++++ COLLECTED MATERIAL ++++

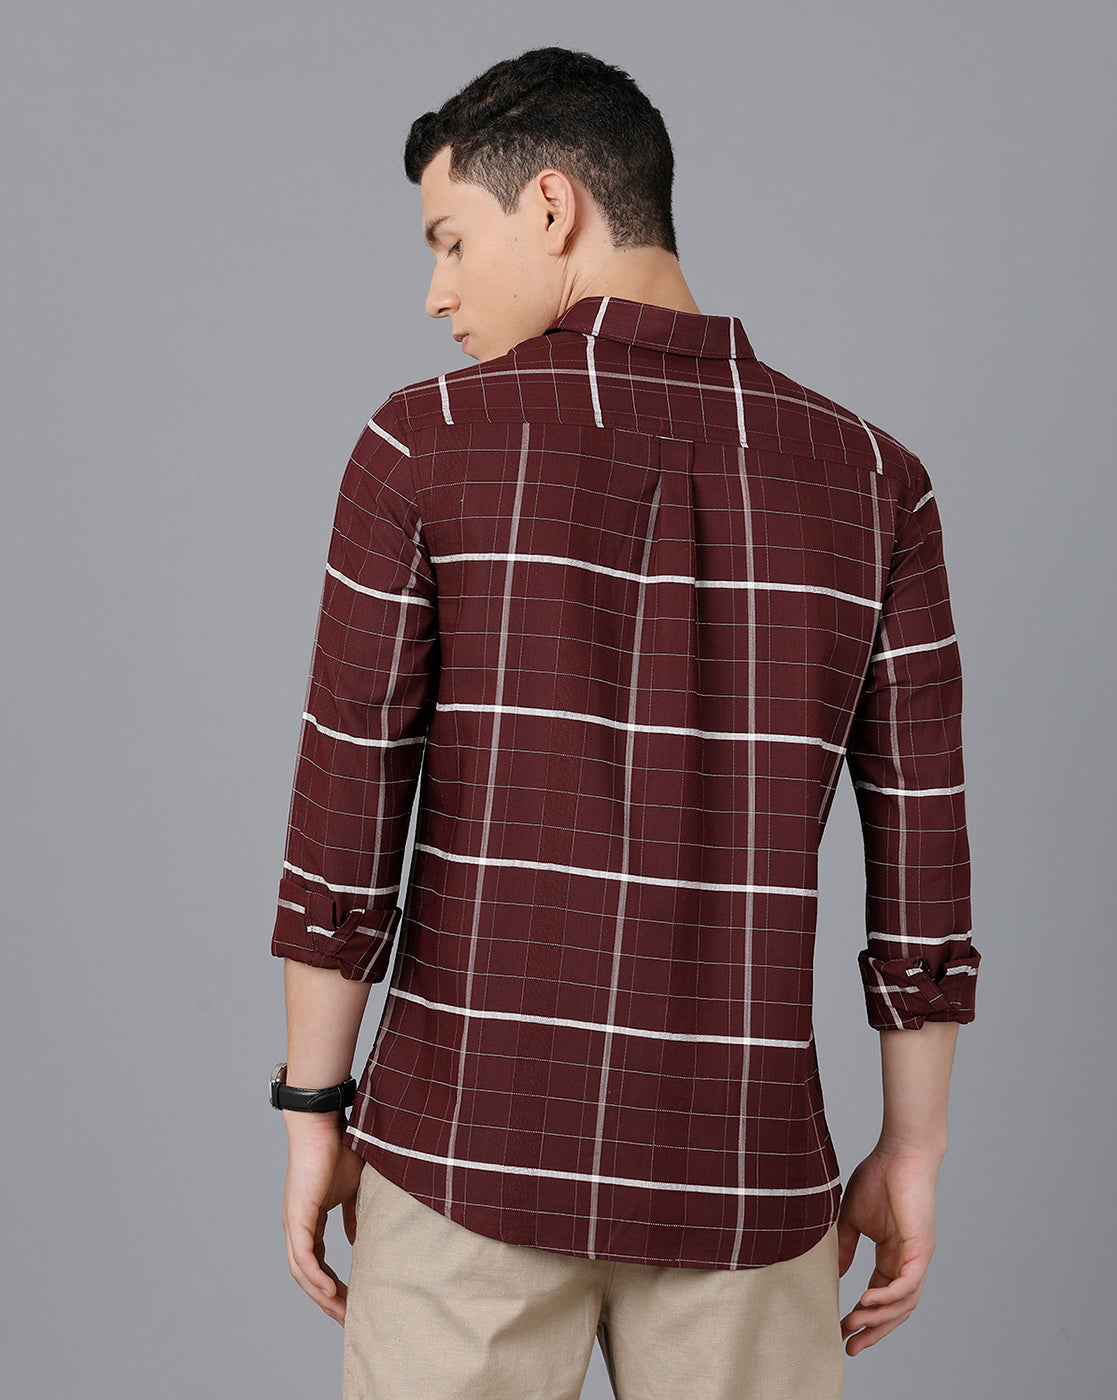 Classic Polo Mens Cotton Full Sleeve Checked Slim Fit Maroon Color Spread Collar Woven Shirt | Sn2-117 A
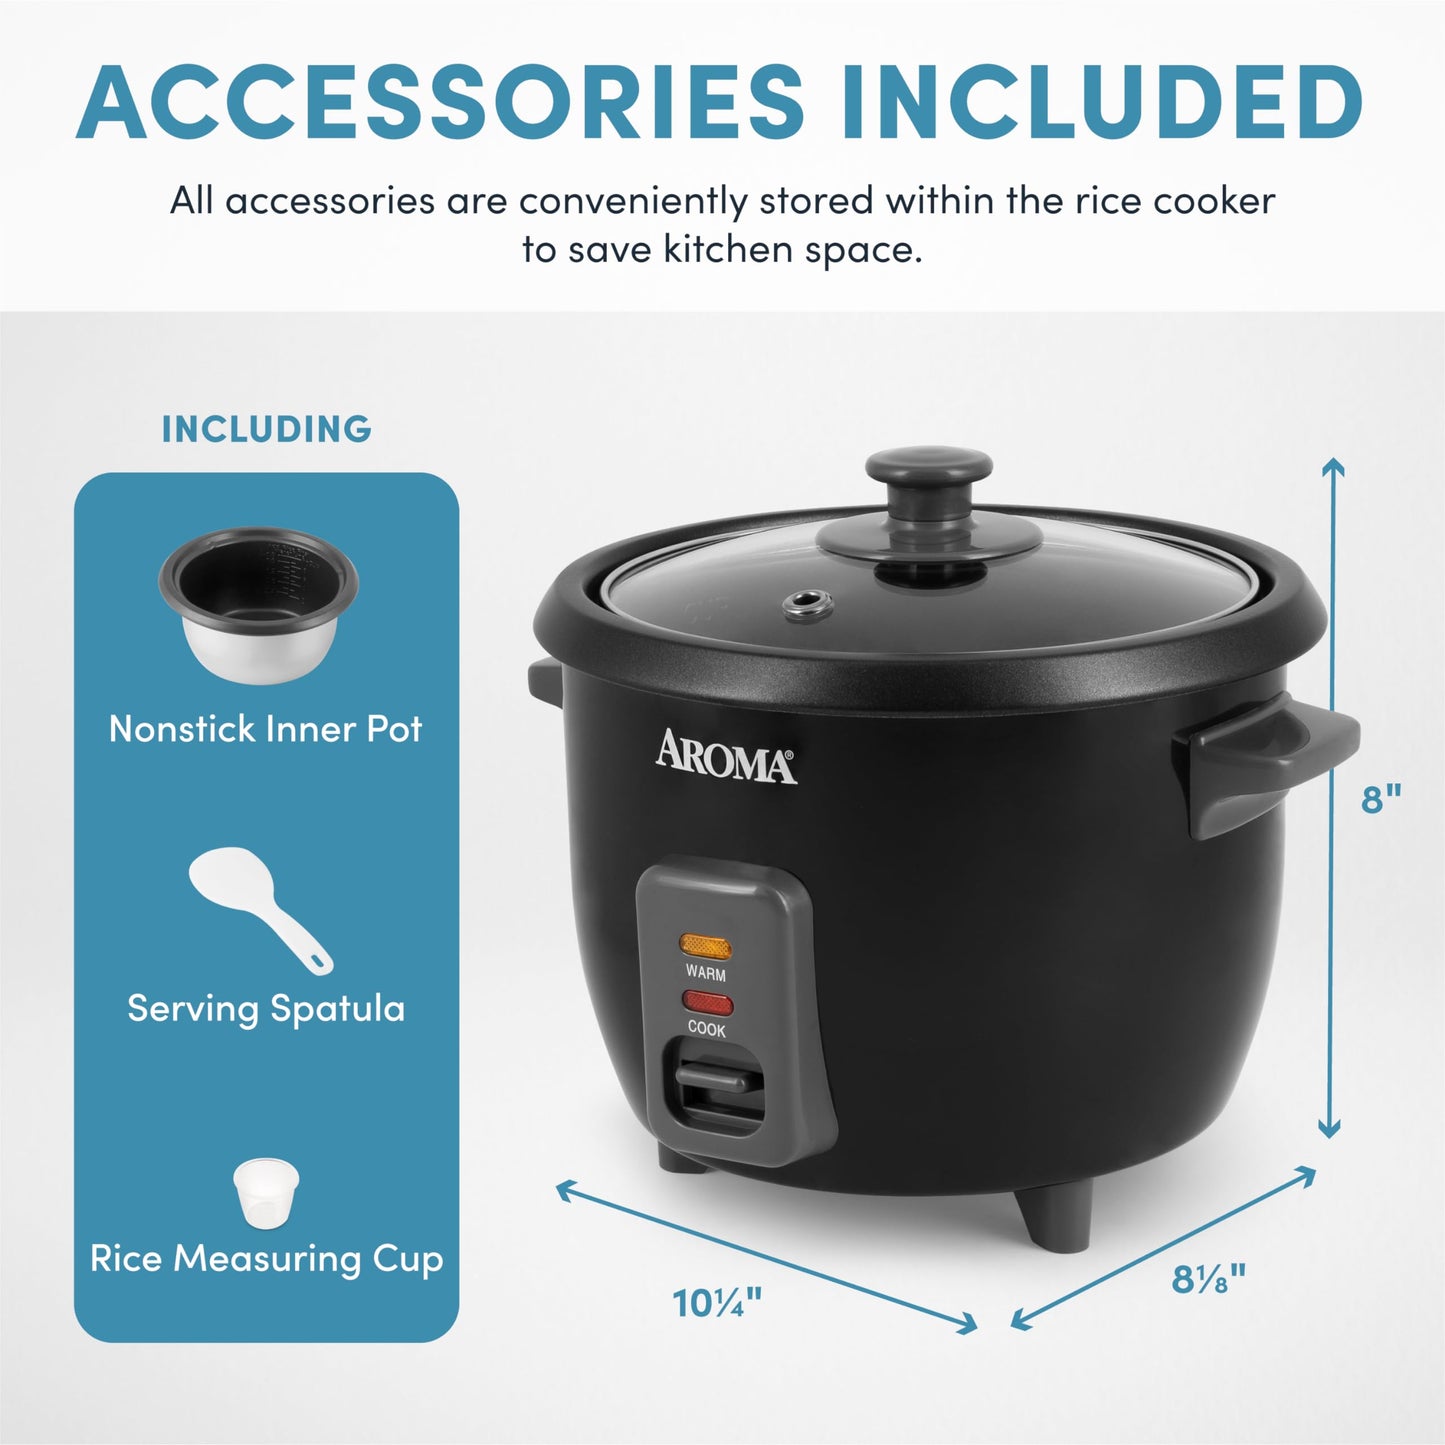 Aroma Housewares 1.5Qt. Rice & Grain Cooker (ARC-363NGB),Black,6-Cup Cooked / 3-Cup Uncooked
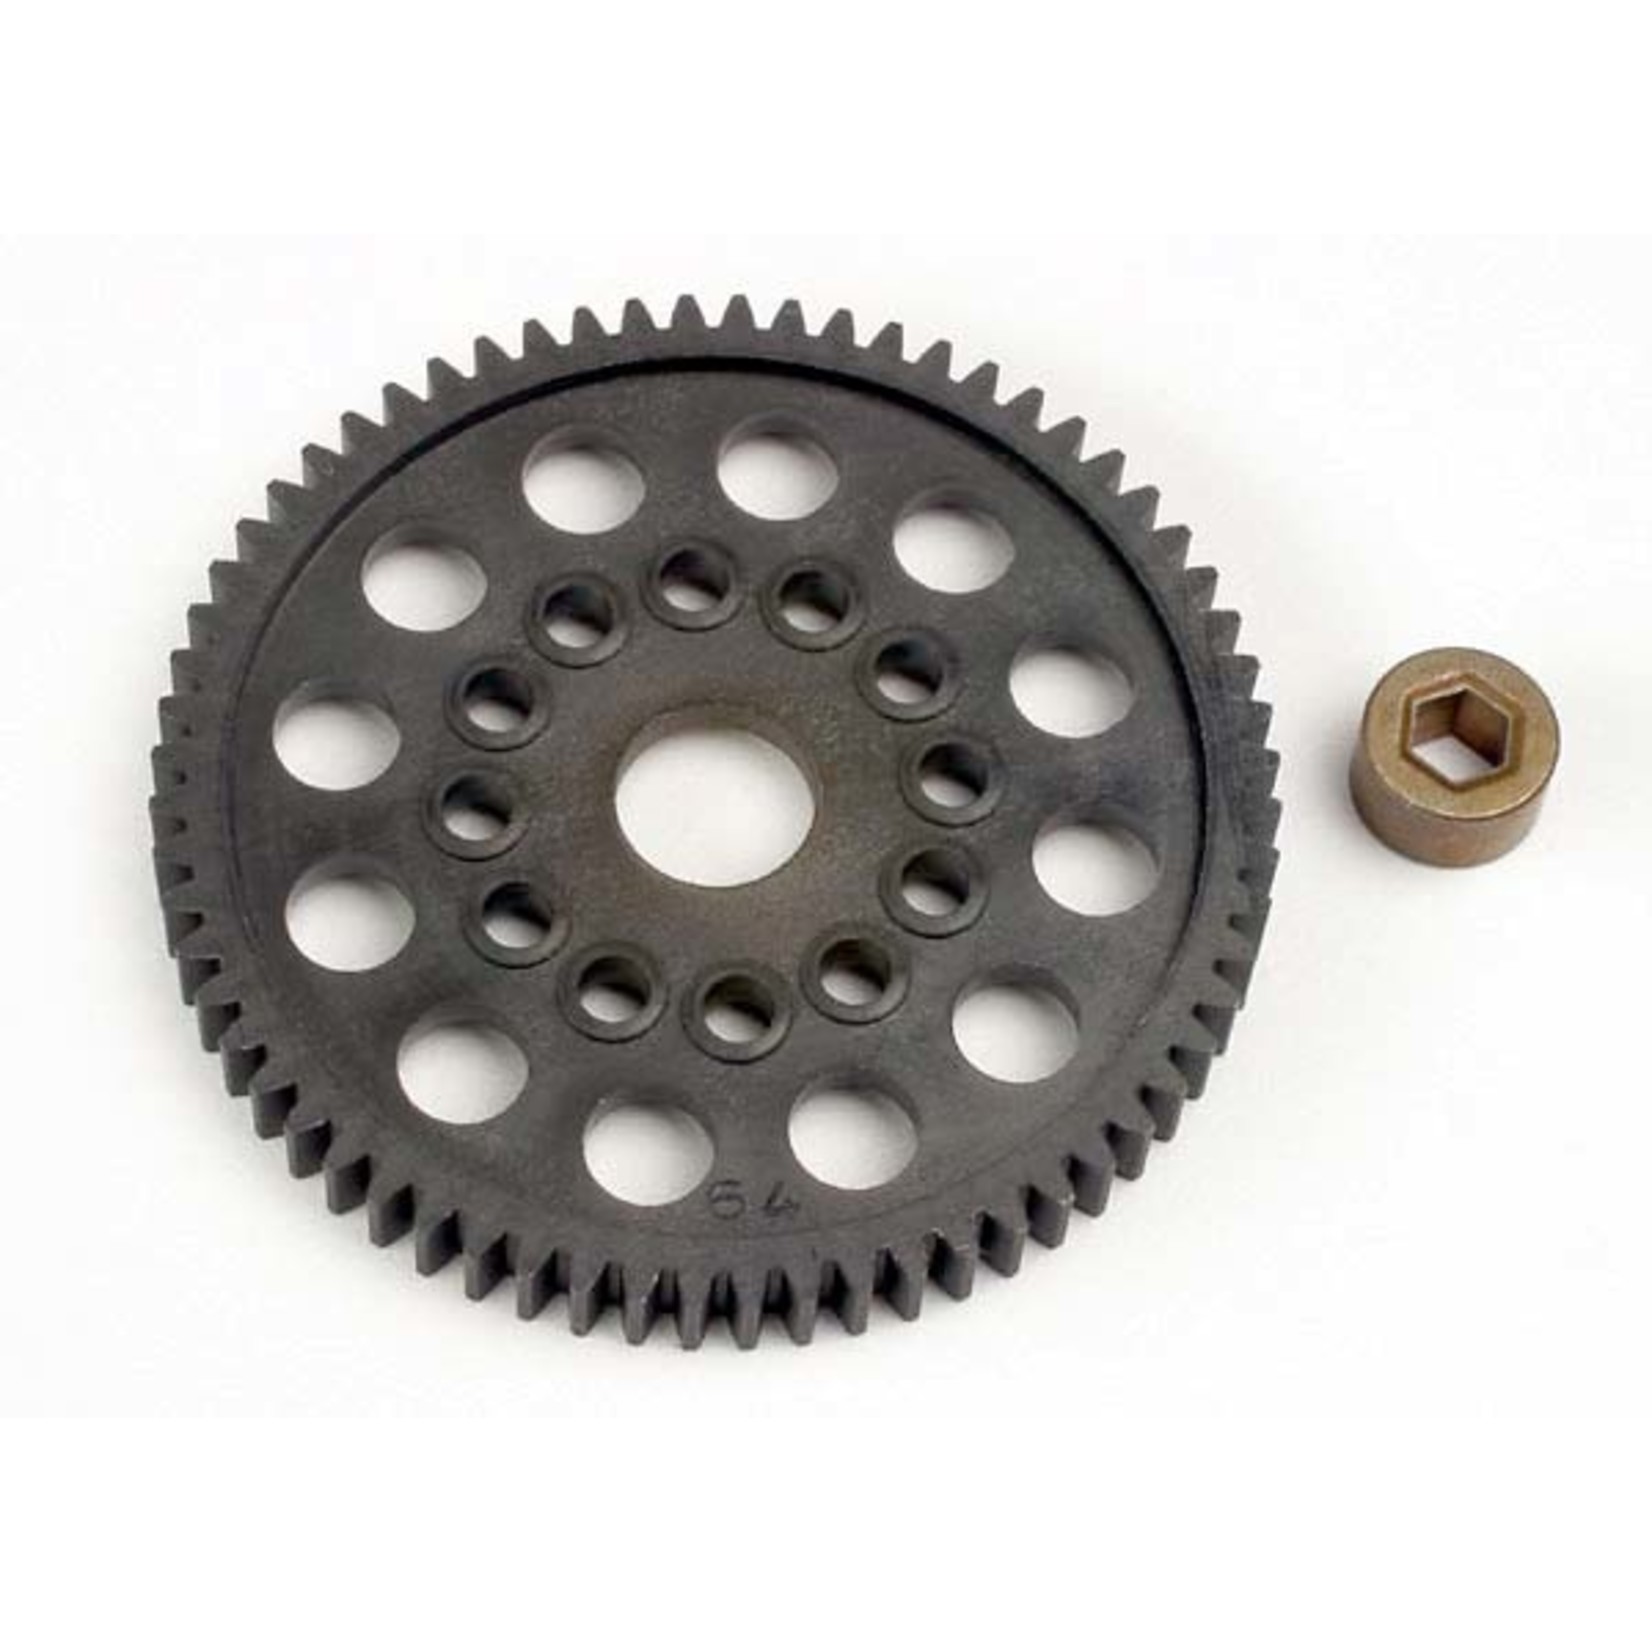 Traxxas 3164 - Spur gear (64-Tooth) (32-Pitch) w/bushing

++++

• _TASK REQUIREMENTS_
Could you repeat word for word only the lines from the one that contains "Aroma Housewares 1.5Qt." through the end of the listing, leaving out the pictures?

• _EXERCISE SOLUTION_
 Aroma Housewares 1.5Qt. Rice & Grain Cooker (ARC-363NGB),Black,6-Cup Cooked / 3-Cup Uncooked
 Traxxas 3164 - Spur gear (64-Tooth) (32-Pitch) w/bushing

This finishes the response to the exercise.